» **Exercise instructions**
Quote all lines below exactly. Images stay out.

» **Recorded information**
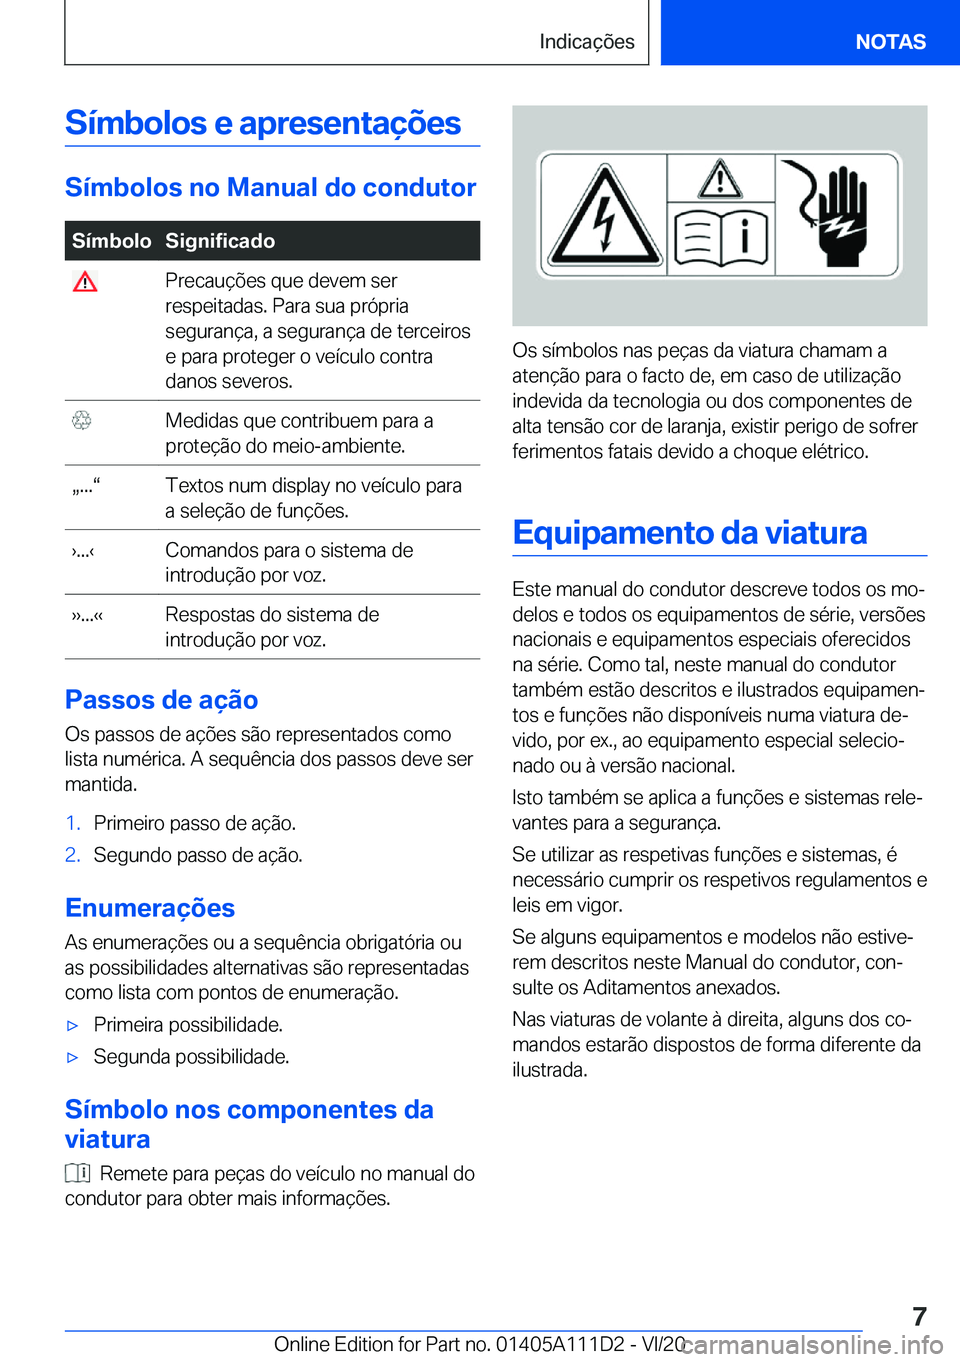 BMW 3 SERIES SEDAN PLUG-IN HYBRID 2021  Manual do condutor (in Portuguese) �S�
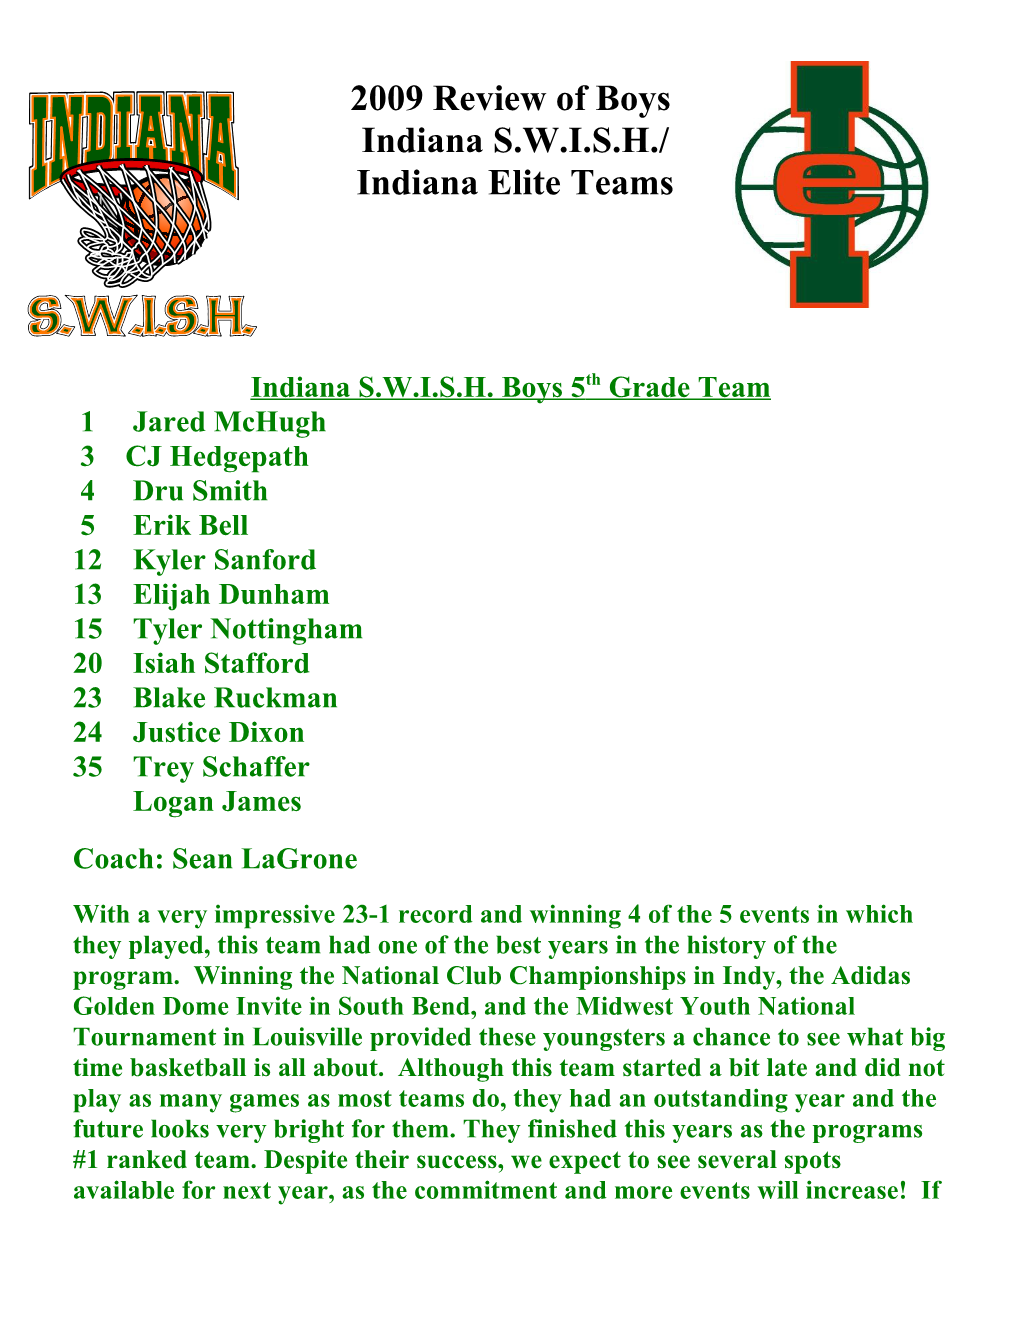 Indiana S.W.I.S.H. Boys 5Th Grade Team
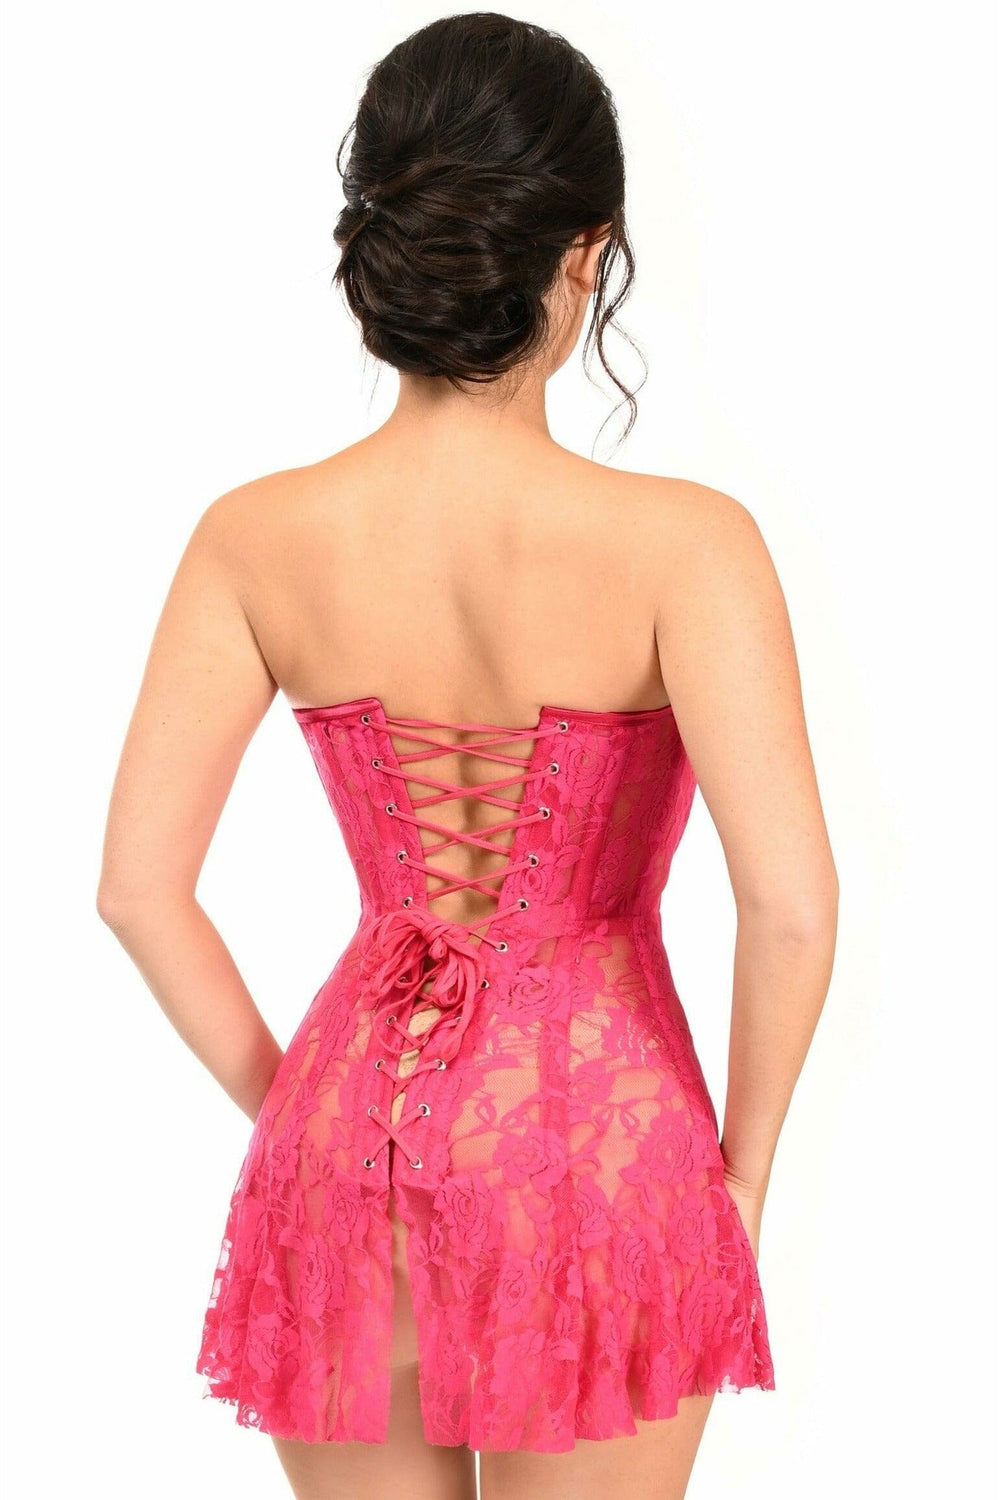 Lavish Fuchsia Sheer Lace Corset Dress-Corset Dresses-Daisy Corsets-SEXYSHOES.COM

» **Exercise answer**
 BMW 3 SERIES SEDAN PLUG-IN HYBRID 2021  Manual do condutor (in Portuguese) �S�
 Indiana S.W.I.S.H. Boys 5Th Grade Team
 Lavish Fuchsia Sheer Lace Corset Dress-Corset Dresses-Daisy Corsets-SEXYSHOES.COM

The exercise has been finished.